Benim için endişelendiğini gördükçe de vurduğu yerlerin acısı daha çabuk geçiyor, unutuluyordu. Aslıhan'ın beni umursadığını elbet de biliyordum ama ona uyuşturucu kullandığımı söylesem 'İyi bok yiyorsun Ateş' der ve beni babama ispiyonlar diye düşünürdüm. Böyle bi tepki, yapacağım listenin üst sıralarında bile yer almazdı.
'Sorun olmaz dimi Ateş?' mavi gözlerini telefondan kaldırıp bana baktı.

'Ha?'

'Sen beni dinlemiyor musun?'

'Ne? Tabi ki dinliyorum kızım ya. Ne sorunu olmaz hiçbir şey.' Ne söylediği hakkında tavşan boku kadar bile bilgim yoktu.

Keşke olsaydı.

Masamıza gelen Ulaş ve Adem'i görünce Aslıhan'ın bahsettiğinin bunlar olduğunu anladım. Ve tabi ki sorun olurdu. Yani Ulaş olmazdı ama bu Adem'i böyle bir sabahın üstüne görmek istemiyordum. Kafamdaki görüntüler daha çok tazeydi. Bozcaada güneşinde de kavrulmuş zaten piç. Tavuk götüne dönmüş iyice.

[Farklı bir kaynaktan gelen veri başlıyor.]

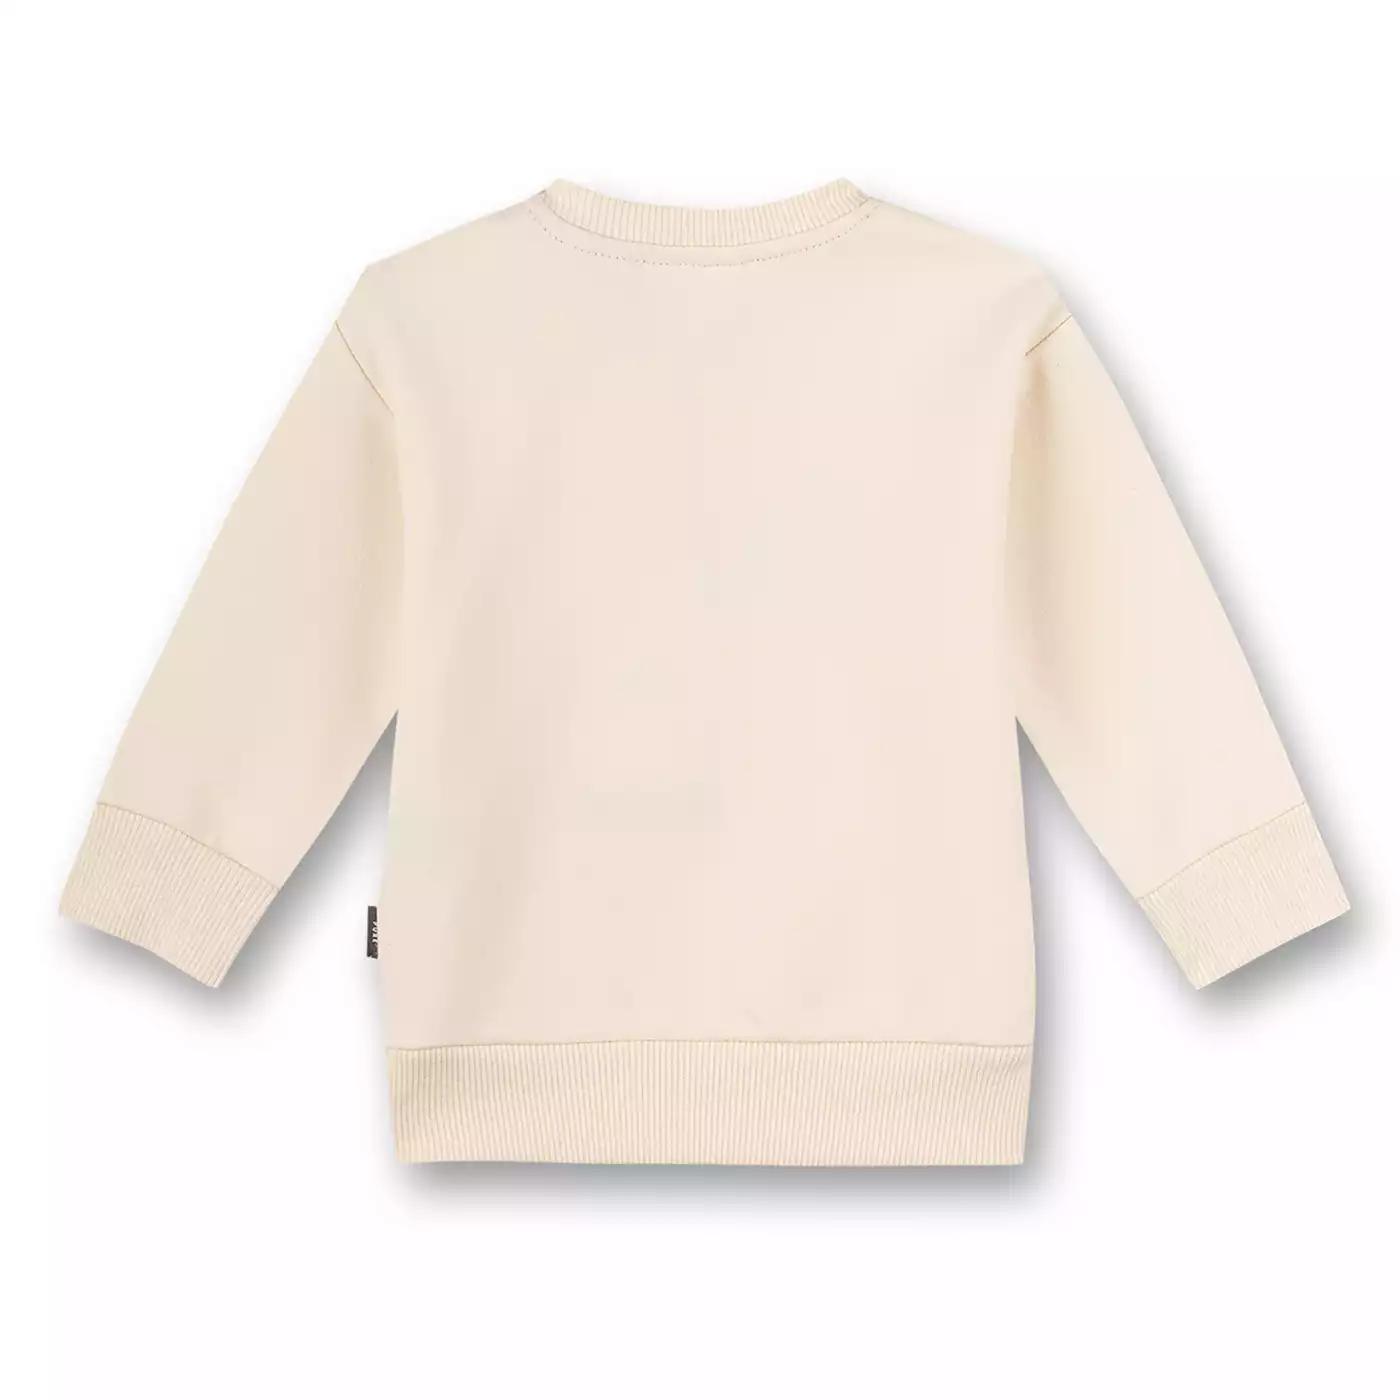 Sweatshirt Pure Dear World Sanetta Weiß 2006580719903 5

Ulaş'la selamlaşıp sarı pipiyede baş selamı verdim. Yüzündeki ifadeden sabah yiyip yiyip de sıçamamış gibi bir ifade vardı. İnşallah Bozcaada reçelleri motorunu bozmuştur Adem. Dün yediğin hurmalar... Aslıhan yanaşmaya çalıştıkça bu tavuk götü kızın yüzüne bakmadı.

Ha bunların arası bozuuuukkkk.

E tatilden yeni dönmediler mi? Tatilde mi üzdü bu kızı yavşak? Gerçi şimdi Aslıhan'in götüm götüm yanaşmasından anladığım kadarıyla da bi boklar yiyen de bizimki gibi ama. Ulaş'la konuşmamdan gözümü ayırdıkça bunlara baksam da hala masaya ilk geldiğindeki gibiydi Adem. Hatta Aslıhan'la o kadar ilgilenmiyordu ki Ulaş bi noktada çocuğu muhabbete dahil etmek için İngilizce konuşmaya döndü. Adem sabah koşusundan sonra Ulaş'ı aramış o da yanına çağırmış sonra da yanımıza gelmeye karar vermişler. Ulaş bana sabahtan beri ne yaptıklarını anlatsa da Adem, Ulaş'tan başka kimseyle ilgilenmiyor gibiydi.

Bunu fırsat bilerek telefonuma elime alıp Aslıhan'ın mesaj kutusuna girdim

'Sizin aranız mı bozuk?'

Anında cevap geldi 'Sana ne?'

'Bir şey sorduk kızım. Bi yamuk yaptıysa gömeyim bunu boğazın dibine.' Aslıhan'ın sonunda gülümseyen yüzü beni de gülümsetti ve bu da tabi ki masadaki diğer iki kişinin dikkatini çekti.